Точно громом оглушило эхо. На какую-то секунду я испугался чужого голоса, шедшего снизу, но понял, что это за «чудо», и, уже забавляясь, несколько раз повторил: «Держусь!» Взглянул вверх. Там далеко-далеко виднелись диск неба да бородатые головы мужиков. А дальше, где-то в глубине неба, сияли звезды. Не каждому в детстве удается видеть звезды днем. Мне было любопытно и радостно.

— Не балуй, а то… — донеслось сверху. Мужики боялись, что я сорвусь и утону в холодной воде. Вряд ли я сознавал, какому риску подвергаю себя. Это понимали взрослые, но не хотели чем-либо выдать свои опасения. Наконец спуск прекратился, а ноги мои все еще не коснулись воды. Прохлада усилилась. Деревянный круглый сруб, влажный, скользкий, стал шире, чем вначале. Гробовая тишина. Мне стало жутко.

— Почему не спускаете? — с дрожью в голосе закричал я.

Там наперебой заговорили. Слова, гулкие, протяжные, неслись сверху и снизу. Эхо густо заполняло весь сруб глубокого колодца. Потом мне сообщил чей-то зычный голос:

— Веревка вся вышла. Посмотри, много ли еще осталось до воды?

Снова тишина. Подо мной мрак, ничего не видно. Чувствую озноб. Еще ниже спускаюсь по палке и свешиваю ноги. Голые пальцы коснулись жгуче холодной воды.

— Видишь ли бадью?

— Нет!

— Давай «кошкой» пошарь по дну, — командуют сверху.

К палке-сиденью был привязан на ременных вожжах маленький якорек, называемый за острые лапки «кошкой». Отвязываю его и опускаю в воду. Под тяжестью «кошки» вожжи натягиваются. Но вот они ослабли, определяю: «кошка» дошла до дна. Начинаю ее поднимать и опускать, стараясь зацепить бадью. От движений становится теплее. Глаза привыкли к темноте, теперь виден черный блеск воды и в ней отраженный кусочек неба со звездами и головами мужиков. В волнах, поднятых «кошкой», все качается, пляшет и дробится.

Залюбовавшись интересным зрелищем, похожим на сказочную игру, я перестаю двигаться. Все успокаивается, замирает. Сердце радуется чудесам природы. Мужики, видно, тревожатся за меня.

— Что? Достал?

— Сейчас выловлю! — и начинаю снова работать «кошкой», заставляя опять плясать отраженное небо. Бадья не дается. Я упорно ощупываю дно колодца. И вот ремень не идет обратно. «Кошка» за что-то зацепилась. Напрягаю все мышцы, чтобы поднять груз из воды. Поддается. На воде показывается темное кольцо. Догадываюсь: края деревянной бадьи. Пытаюсь ее подтянуть к себе, но не тут-то было: не хватает силенок. Я расстроен.

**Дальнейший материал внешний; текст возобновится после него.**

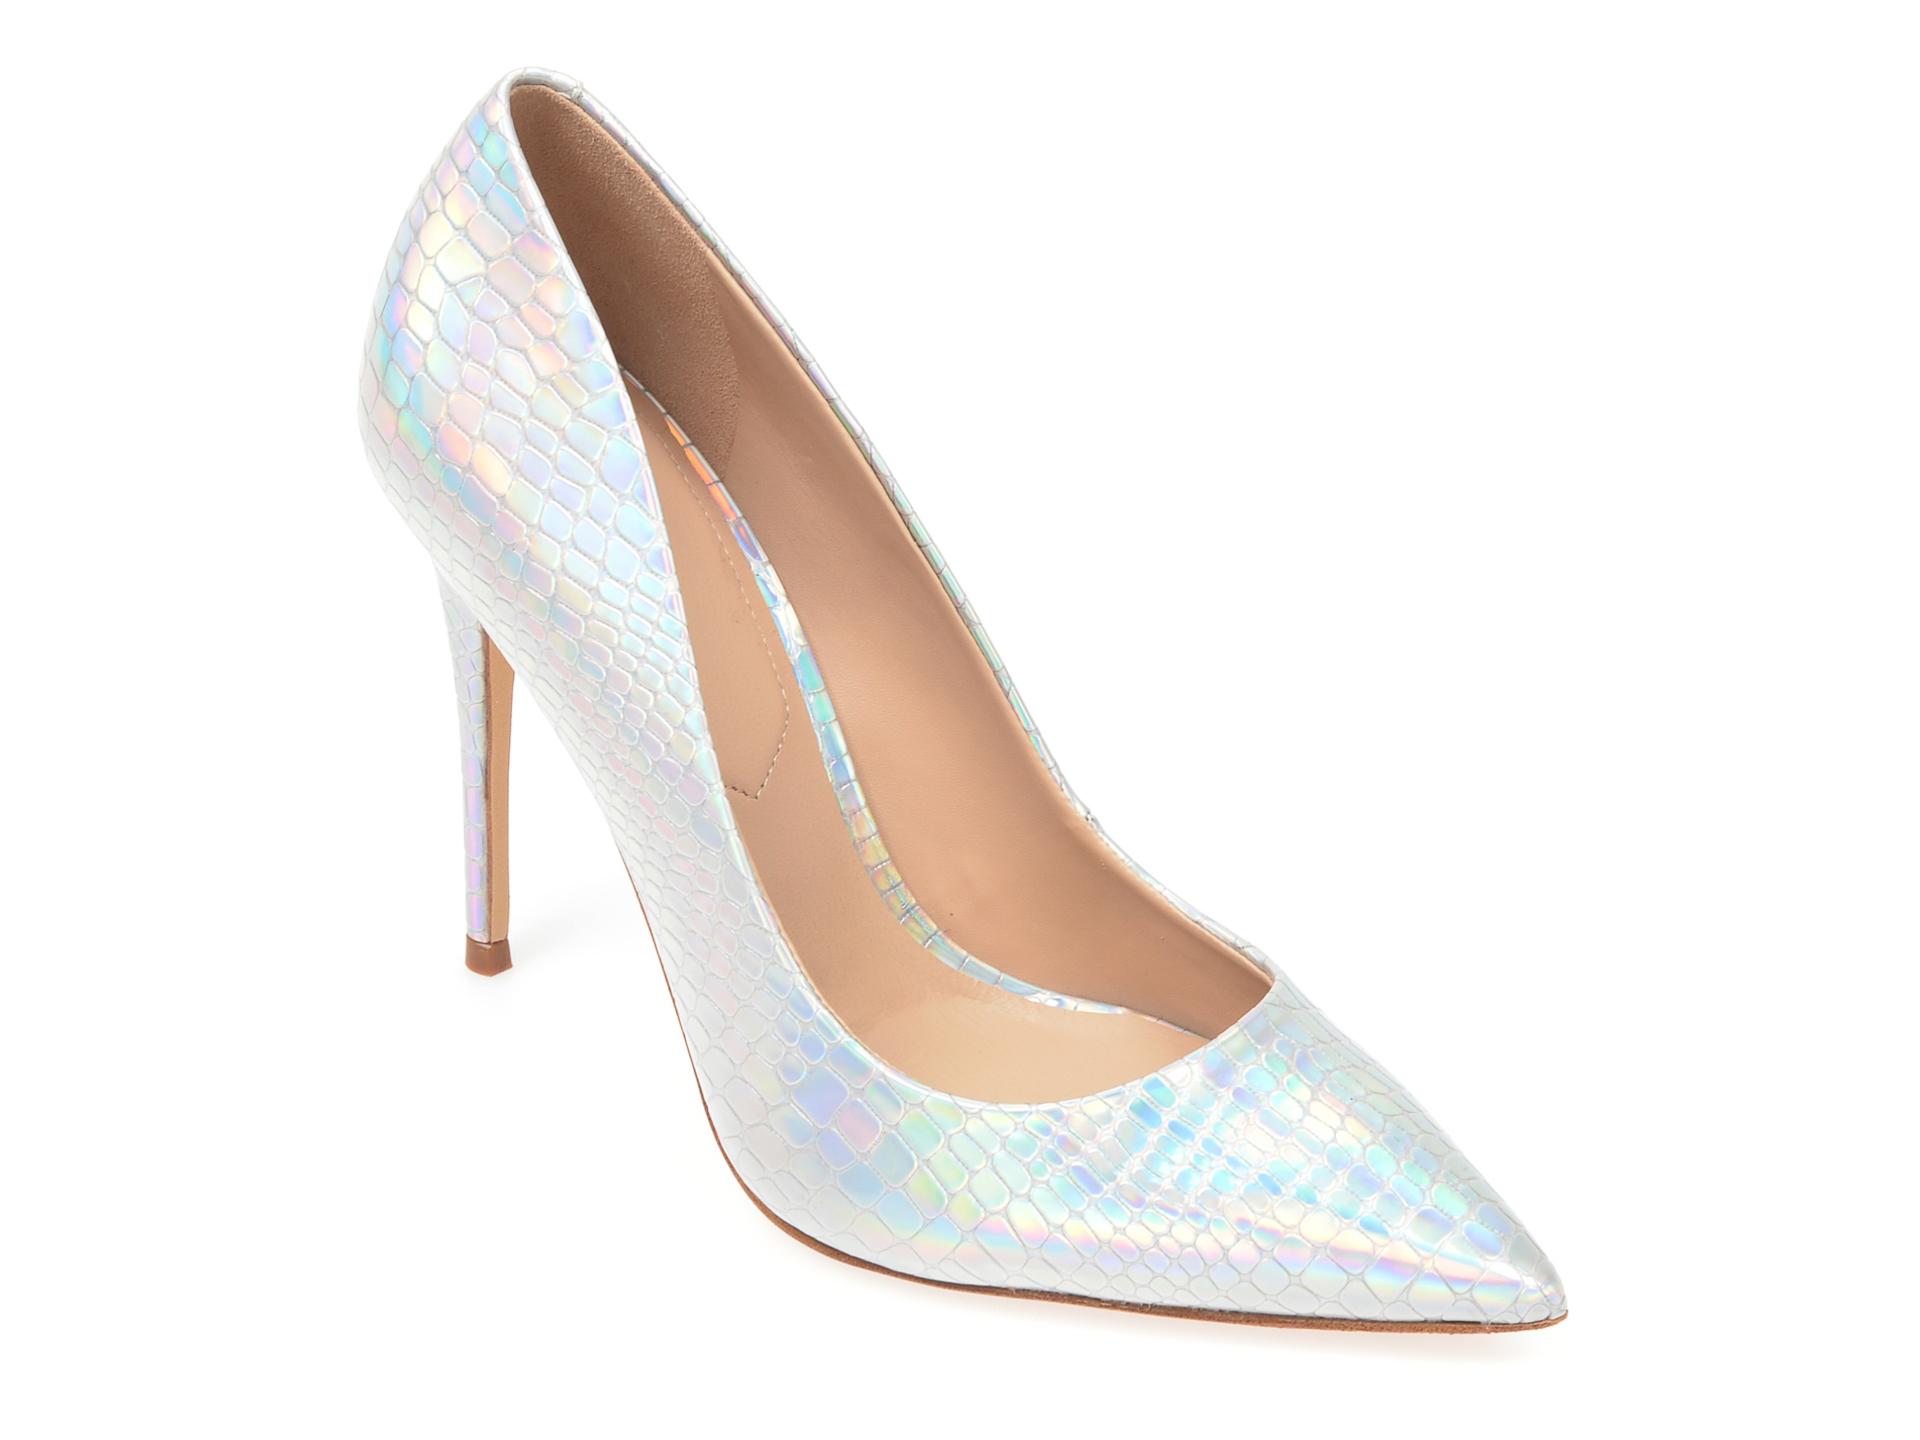 Pantofi ALDO argintii, Stessy_042, din piele ecologica imagine otter.ro

Люди будут теперь ругать меня за беспомощность. Еще попытка. Несмотря на все старания, никак не удается подтянуть к себе бадью, даже не могу ее сколько-нибудь вытащить из воды. А мужикам, видно, не терпится:

— Как дела-то?

У меня ослабла рука. Ремень скользит вниз. Испугавшись потерять вожжи, бросаю веревку, за которую держался, и вместе с бадьей чуть было сам не бултыхаюсь в воду. Не представляя, чем мне это грозило, я не испугался, а только сожалел об утопленных вожжах, ничего не отвечая мужикам. К моей радости, второй конец ремня был привязан к веревке. Вожжи снова в руках. Успокоился и рявкнул во всю мочь:

— Зацепил!.. Только не могу вытащить.

— И не надо! Мы тебя поднимем вместе с бадьей. Попробуй только, не сорвалась ли она.

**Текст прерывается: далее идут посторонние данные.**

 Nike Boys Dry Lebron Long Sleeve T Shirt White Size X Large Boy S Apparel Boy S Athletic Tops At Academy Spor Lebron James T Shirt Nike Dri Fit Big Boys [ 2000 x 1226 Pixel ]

Вожжи снова натянулись, «кошка» крепко вцепилась в бадью, и я поплыл кверху.





Когда об этом рассказал матери, она расплакалась: ведь я мог утонуть в колодце.

— Ах они, дьяволы, — ругала мать мужиков. — Своих-то парнишек спустить побоялись. А у тебя нет отца, за тебя некому заступиться Вот и выбрали сироту…

На фронте, когда обстановка напряженна, не до воспоминаний. Но письма от родных, которые всегда ждешь с нетерпением, сразу уносят в далекую даль.

«Скоро день рождения отца, — читаю в письме мамы. — Не забудь помянуть. За это бог будет беречь тебя».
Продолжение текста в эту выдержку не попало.